In the beginning, there was the machine. And the machine's instruction set was a practically arbitrary assortment of binary sequences representing different opcodes. And the programmer saw that it was Not Good. So from the programmer's imagination came the word, and the name of the word was Assembly.
The first assembler was written in 1947 by Kathleen Booth. She indubitably found it very frustrating to have to remember a bunch of arbitrary numbers representing machine instructions. You could certainly look them up in a reference manual, but that would be frustrating too, because it would be very tedious. Isn't the whole point of computers supposed to be that they help save us the tedium and frustration of processing and referencing information? So instead of making the programmer look up or remember the opcodes for machine instructions, why not make the machine do it? That's what an assembler does. Instead of code looking like this:
10010010 11100100 00000011
you can write code that looks like this:
add ra 3
and that is clearly much easier to remember if you want to write code to add the value 3 to the value in register A.
Notwithstanding macho galaxy-brain programmers like the legendary Melvin Kaye of the Royal McBee Computer Company, who took pride in writing raw machine code by hand basically just because it was harder, Assembly programming quickly caught on as a much more pragmatic way to code. From 1947 through the mid-1950s, programming generally meant programming in Assembly, and advancements in programming technology mostly meant assemblers that were more efficient and easier to use. Simple "single-pass" assemblers like Mrs. Booth's soon gave rise to "macro assemblers", which would allow you to define new "words" (or "macros") that would be translated into many Assembly instructions before finally being assembled into machine code. Whereas a single line of plain Assembly would concretely represent a single opcode, "macros" could be more flexible by allowing you to represent many instructions with a single line of code. In other words, they were at a higher level of abstraction.
If you're curious, click here to read the story of Melvin Kaye.
Early computers ran programs in a manner that we would now call "bare metal" programming, because the computer had no software on it except the software you supplied it with. For example, if you wanted to read or write some data on an external magnetic tape drive, you would have to learn the details of how the tape reels and read/write head physically work, then you would have to write some code to precisely direct electrical pulses to the correct physical connector pins to operate the reels without jamming the tape or accidentally overwriting important data. If you wanted to use the tape drive with a different computer, you would have to rewrite all that code from scratch. If you wanted to use a different tape drive with the same computer, you guessed it: you would have to rewrite all that code from scratch. If you want to save yourself some time by getting someone else to write the "driver" code for the tape drive, well, you better make sure that you *fully* understand the eye-glazing pages upon pages of Assembly code the other person wrote, lest your own code do something that causes the other person's code to misbehave.

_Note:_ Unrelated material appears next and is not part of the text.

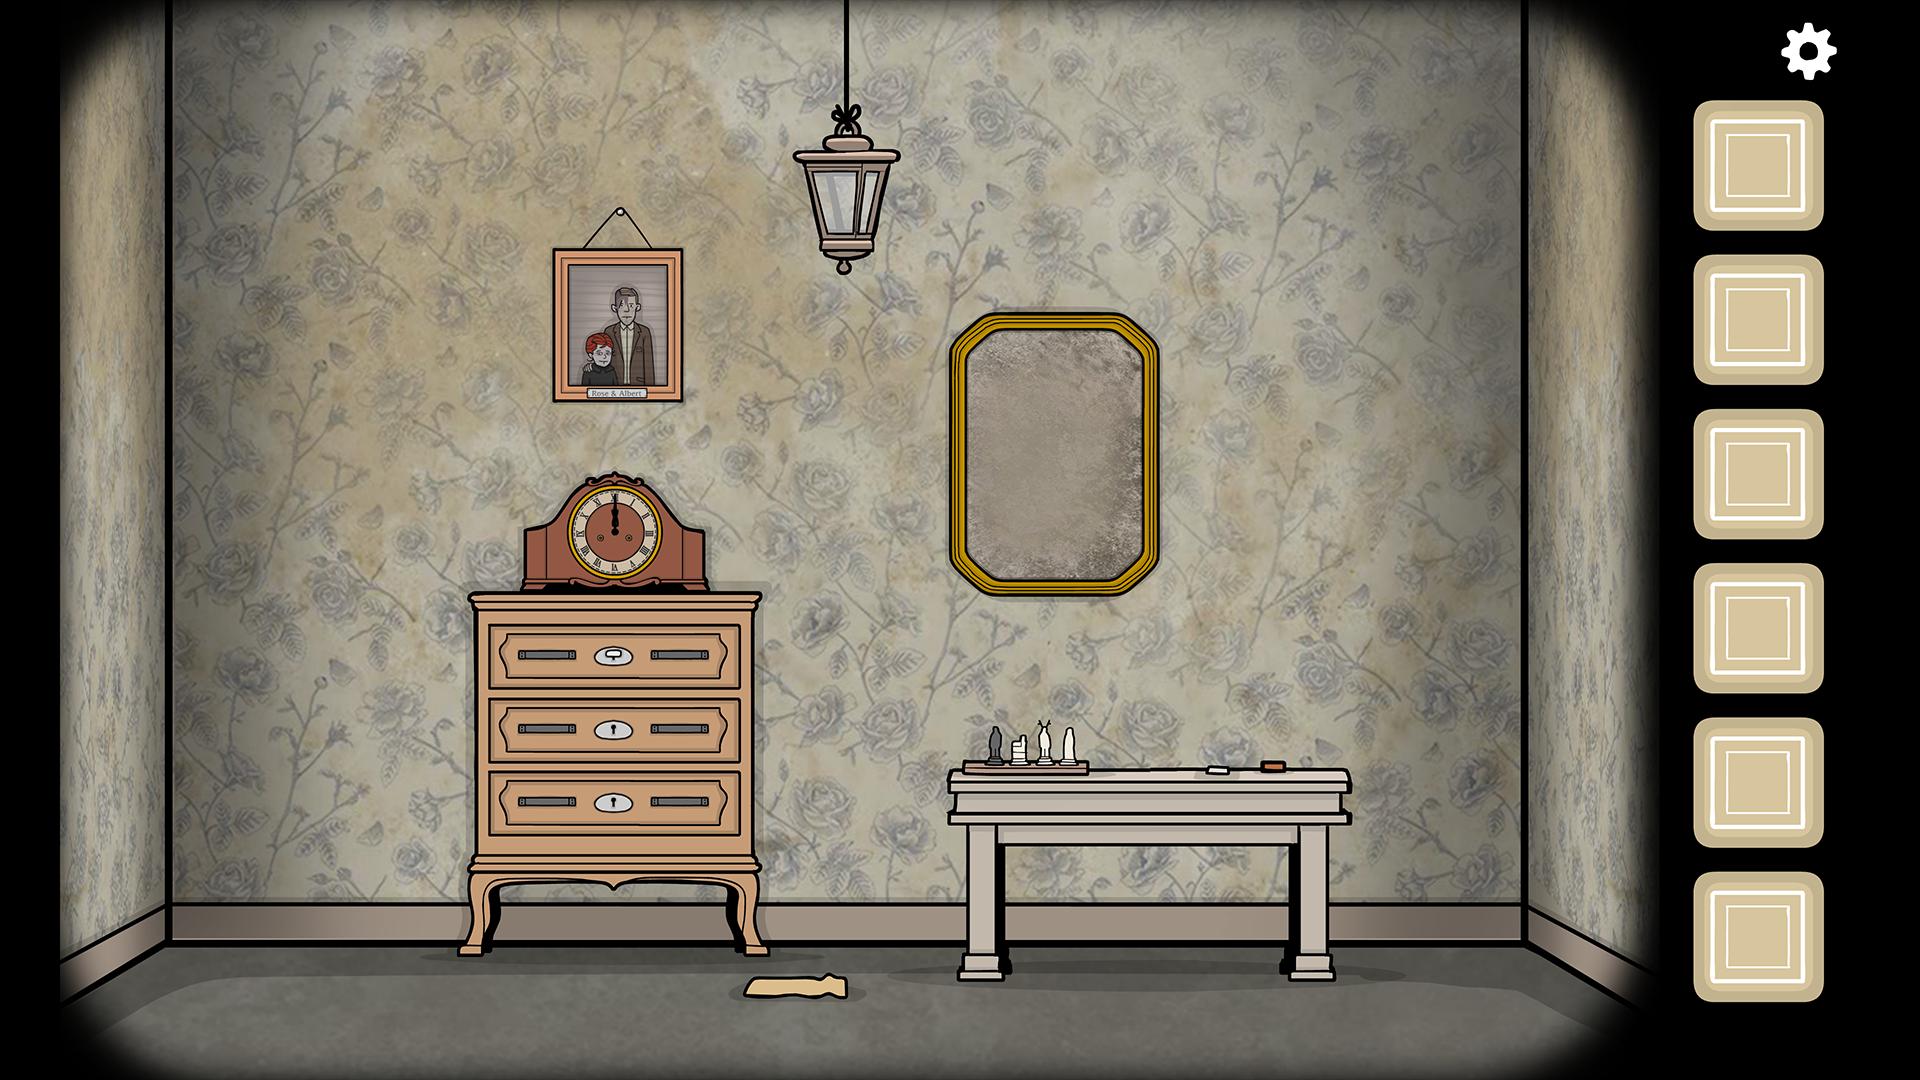 Blossom lite. Игра Rusty Lake the past within. Rusty Lake the past within игра одному. Расти Лейк the past within. Cube Escape the past within.

And it wasn't just tape drives: do you want your program to interact with a keyboard? You have to write driver code to make your specific computer model interface with the specific electric typewriter you want to use. Do you want your program to interact with a screen? You have to write driver code to make your specific computer model interface with the specific television set you want to use. Do you want your program to interact with another program running on a different computer? May God have mercy on your mortal soul.
In those days, programs were mostly written on punchcards, which were a major improvement over front panels. Punchcards are literally little sheets of cardstock with holes punched in them. They were first used in 1804 by a guy named Joseph Marie Jacquard when he invented the "Jacquard Loom", which weaves fabric according to the pattern described by the card. Later on, in 1890, they were used by a predecessor to IBM to "tabulate" the results of the 1890 U.S. census. With such an extensive history of use as a medium for giving stored instructions to machines, it seemed like an obvious choice for how to store programs to run on computers.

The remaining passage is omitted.